__Task to complete__. Starting at the line that contains "Johann von Besser, 1654-1729, a", write out each line exactly through the last one in the material below, and nothing more; omit all pictures.

__Data shown__.
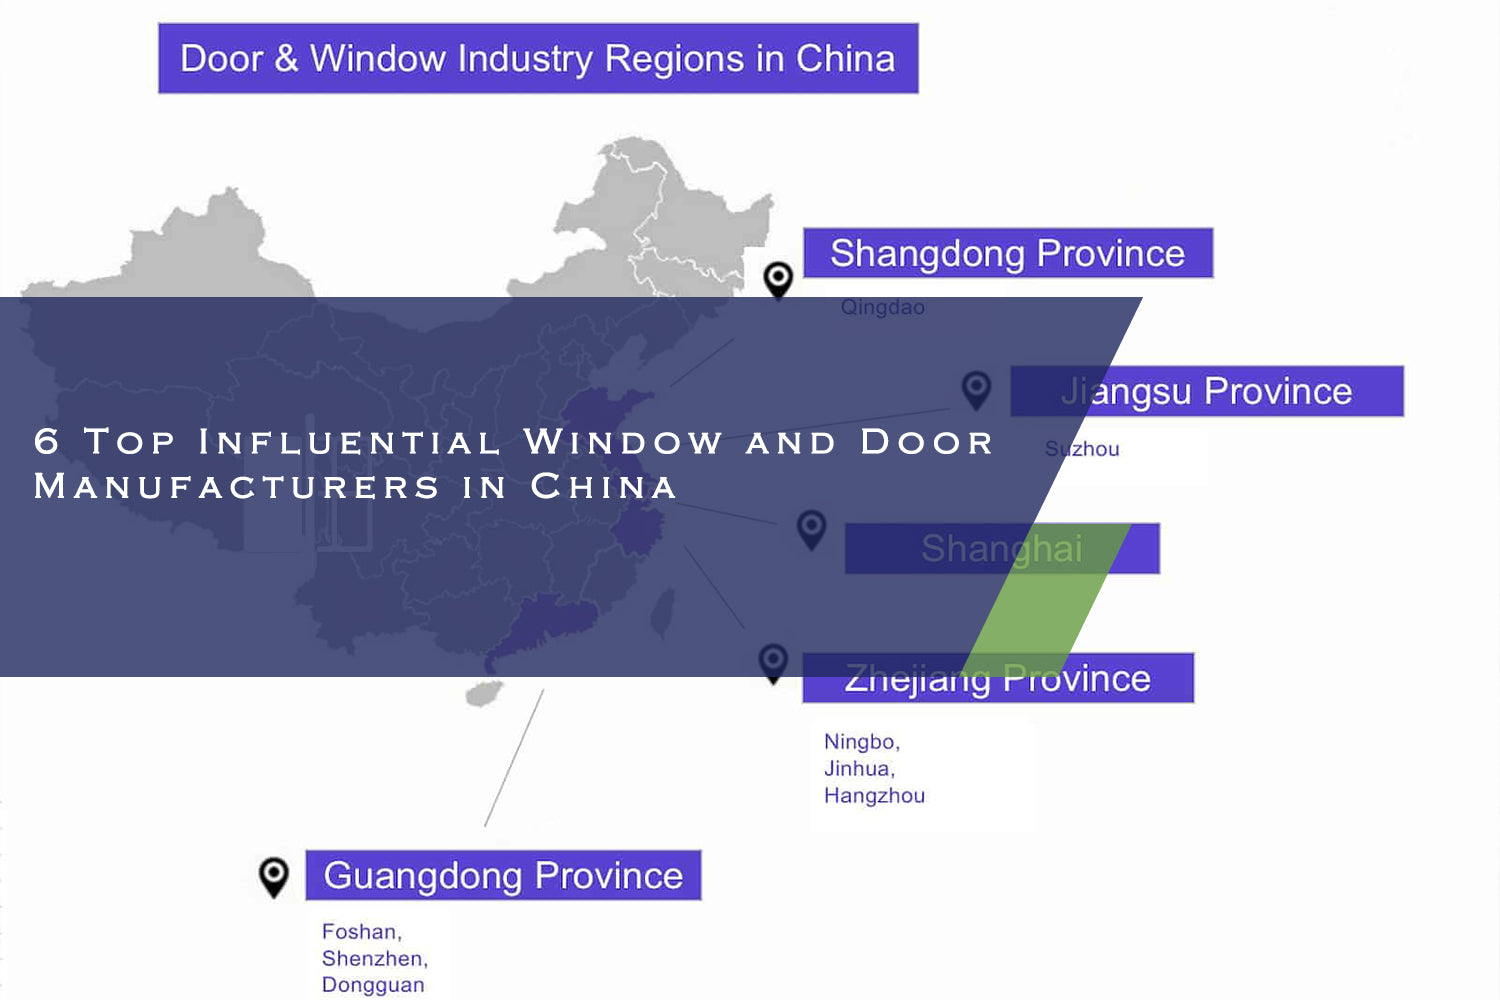 6 Top Influential Window and Door Manufacturers in China
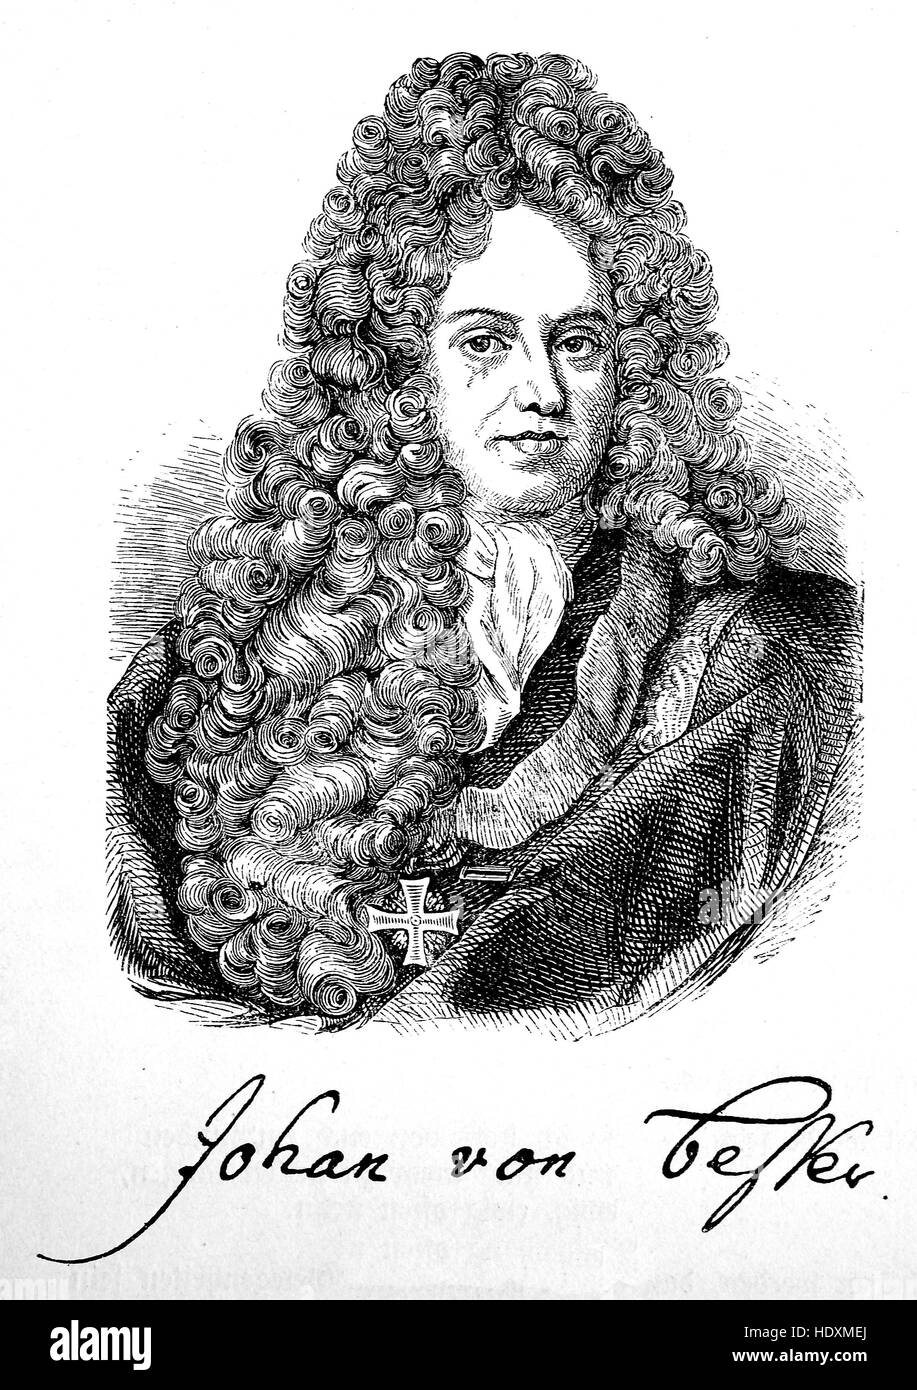 Johann von Besser, 1654-1729, a German poet, woodcut from the year 1882, digital improved Stock Photo
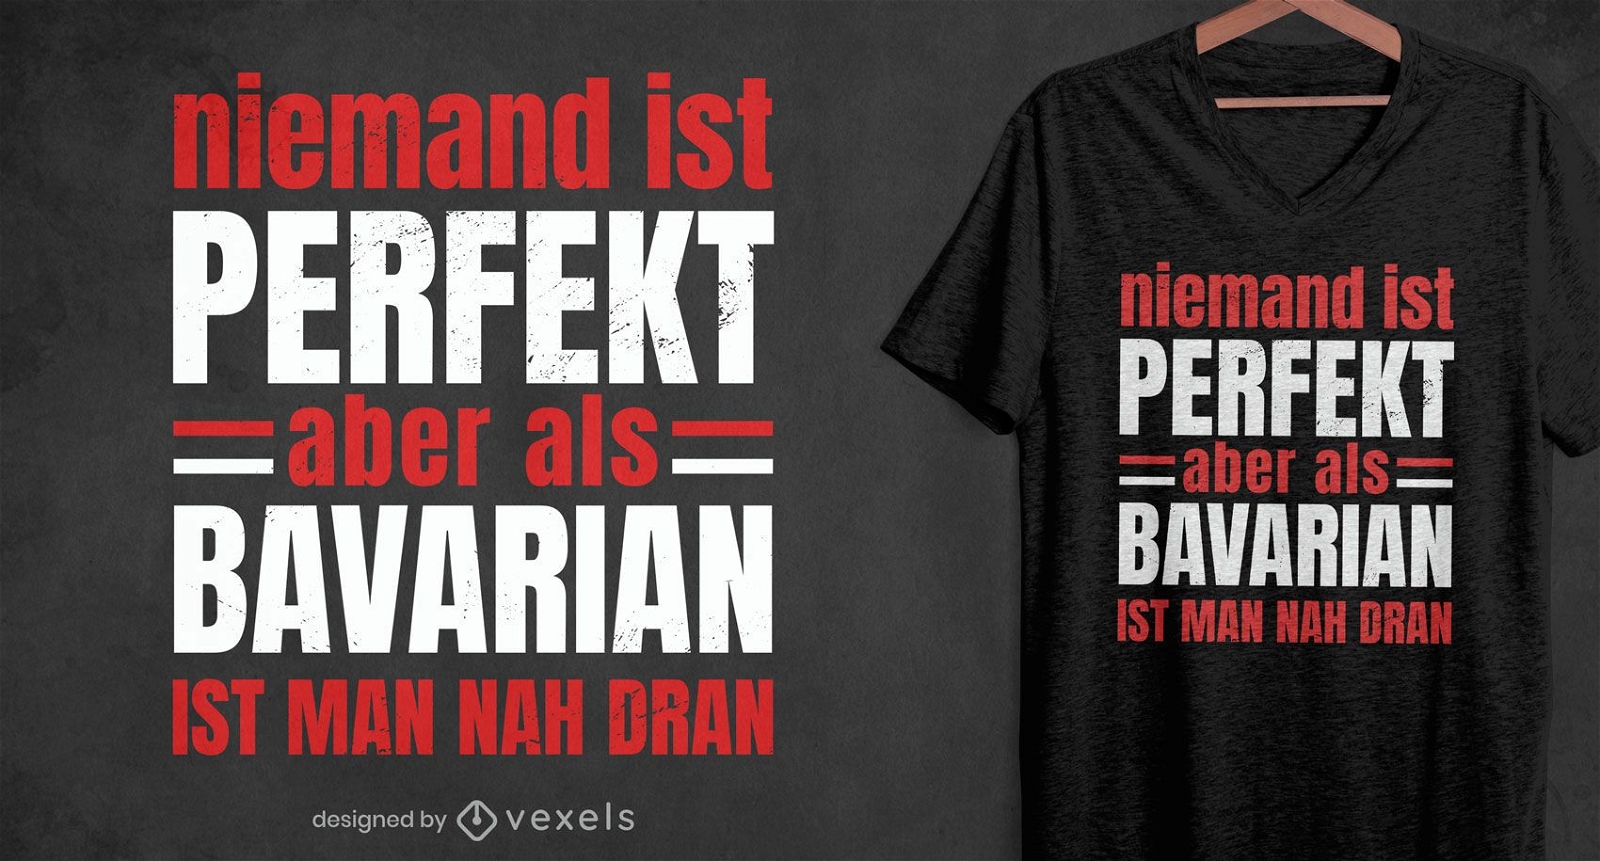 Bavarian German quote t-shirt design

__Answer to this exercise__.
 Johann von Besser, 1654-1729, a German poet, woodcut from the year 1882, digital improved Stock Photo
 Bavarian German quote t-shirt design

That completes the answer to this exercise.